Por: Ricardo Gaitán. Consultor de Marca

La historia de la marca comienza en 1819 con el joven que dio su nombre al whisky: John Walker. Es un comienzo difícil para un adolescente de 15 años que acaba de perder a su padre. La tienda de abarrotes que John adquiere en Kilmarnock, pequeña ciudad al oeste de Escocia, le sirve para comercializar whiskies que no eran consistentes, circunstancia que aprovecha para mezclarlos en ciertas proporciones y producir su propio whisky con un sabor único, especial y perdurable que toma gran notoriedad en la localidad como “el whisky de John Walker”.

La destilación de whisky en Escocia se remonta al siglo XV, según una a mención oficial al “espirituoso escocés” en un rollo de un tesoro, fechado el 1 de junio de 1494 y que pertenecía a John Cor, un fraile escocés de la Abadía de Lindores en Fife, a quien se le atribuye la creación del primer whisky de la historia. En ella, el rey Jacobo IV de Escocia concede ocho boles de malta para fabricar lo que denomina “aqua de la vitae”.

Lo importante de la historia es que Jhon Walker estuvo en el lugar justo, en el momento oportuno, con el producto adecuado: la llegada del tren a Kilmarnok en 1843, cuando su whisky, de gran acogida, se había convertido en el producto líder que da paso a toda una industria de emprendedores destileros en Escocia.

La tradición continúa con su hijo Alexander, quien en 1857 impulsa definitivamente el negocio familiar con el lanzamiento de la primera mezcla comercial de Johnnie Walker: “Old Highland Whisky”. La nueva mezcla es embarcada para llevarla fuera de Escocia, pero un evento fortuito durante el primer viaje cambia radicalmente la historia de la marca: la ruptura de las botellas. La situación es controlada con el diseño de un envase cuadrado. En 1860 la casa Walker embarca su producto con el “nuevo vestido” y lo lleva a todo el mundo.

Ricardo Gaitán, Consultor de Marca

Otra peculiaridad de la botella cuadrada es descubierta por uno de sus distribuidores al colocar la etiqueta con una inclinación de 24 grados, lo que permitió mejor visibilidad del logotipo. Estas casualidades se convierten en distintivos de branding muy efectivos, que marcan la diferencia definitiva con los competidores. En Sudáfrica, tras ser adquiridos los derechos de representación por una compañía local, Johnnie Walker alcanza una popularidad sorprendente.

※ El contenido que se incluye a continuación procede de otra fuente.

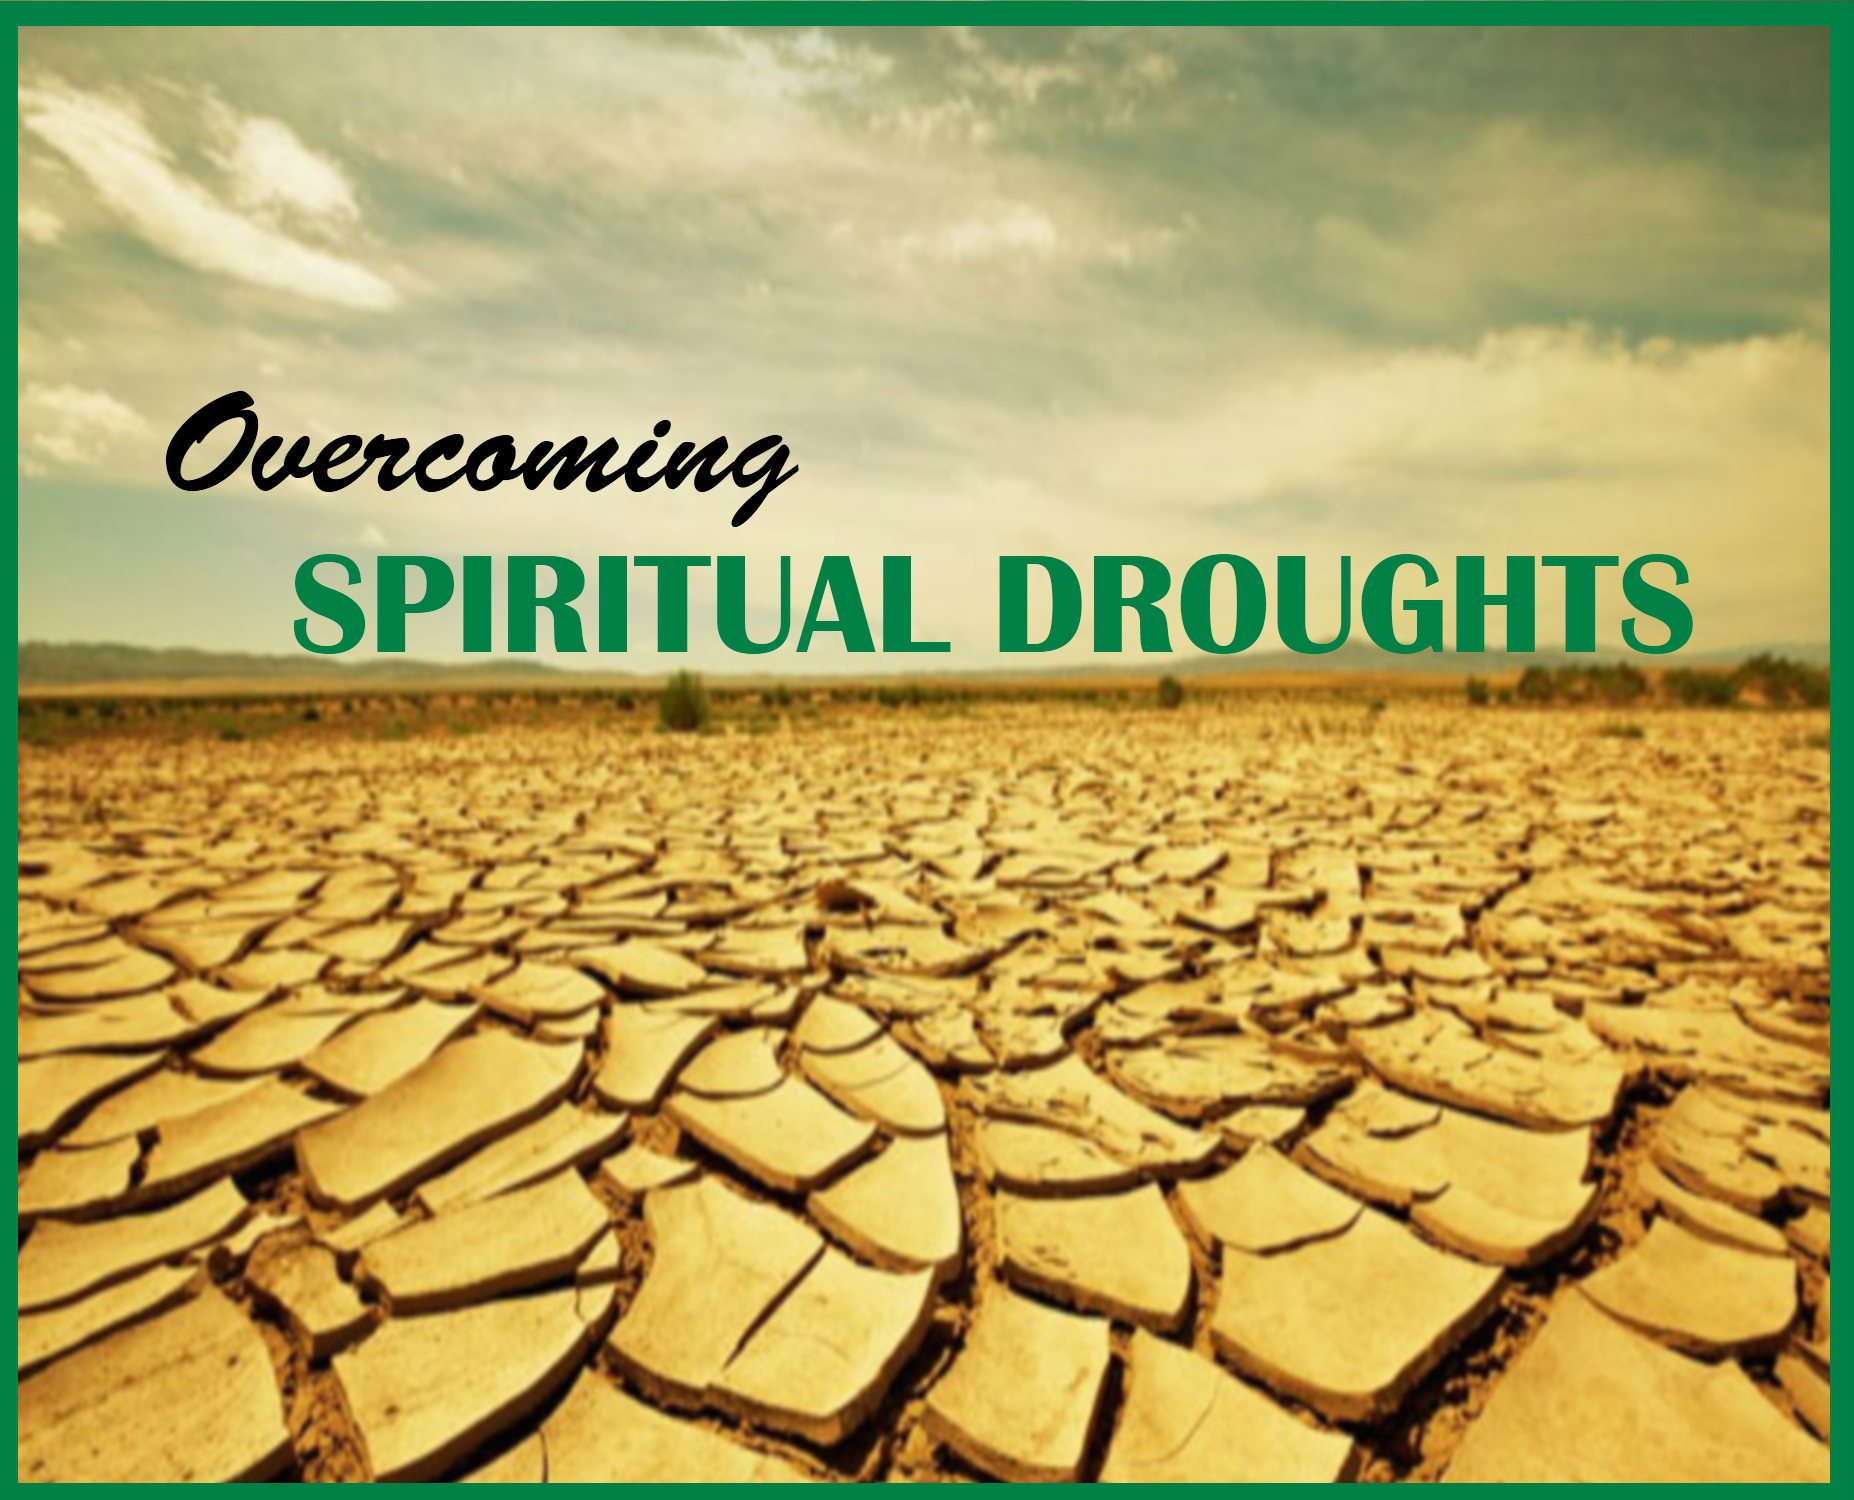 OVERCOMING SPIRITUAL DROUGHTS (EX.15:19-24)

A comienzos del siglo XX, Johnnie Walker ya era un whisky reconocido mundialmente por su calidad, sabor y la inconfundible forma de su envase. En 1906 contaba con tres variantes: Old Highland, Special Old Highland y Extra Special Old Highland, identificados comercialmente como White Label, Red Label y Black Label, respectivamente.

Por la misma época, los directivos deciden buscar otro elemento de marketing para mostrar valores diferenciales de la marca, que la proyecte al nuevo siglo, y convocan un grupo de ilustradores para materializar la idea. Los diseños expuestos no cumplen las expectativas y lejos de quedar satisfechos, continúan buscando otra opción que se presenta inesperadamente en 1908, cuando un ilustrador de carteles llamado Tom Browne, dibujó en una servilleta la figura de un caminante.

El caricaturista había sido invitado al restaurante por Lord Stevenson, ejecutivo de Johnnie Walker, quien le manifestó la intensión de trasmitir el punto de vista de la marca, a través de un nuevo elemento gráfico. Después de la reunión, Browne produjo una serie de anuncios donde presentaba el “Striding Man” en diferentes situaciones, felizmente caminando. Browne murió en 1910 a los 39 años y fue reemplazado por Sir Bernard Partridge, el principal dibujante de la revista Punch, quien trabajo el personaje durante 35 años.

El “Striding Man” u “Hombre Caminante” es el mayor emblema en la historia de Johnnie Walker que ha superado la centuria. En estos años el personaje ha tenido variaciones entre las que se cuentan estilizaciones hechas al dibujo, pero el cambio más importante es el más sutil: el giro de orientación de izquierda a derecha, realizado en 1999. El “Caminante” pasó a mirar hacia el futuro, convirtiéndose en un símbolo representativo de progreso y orgullo.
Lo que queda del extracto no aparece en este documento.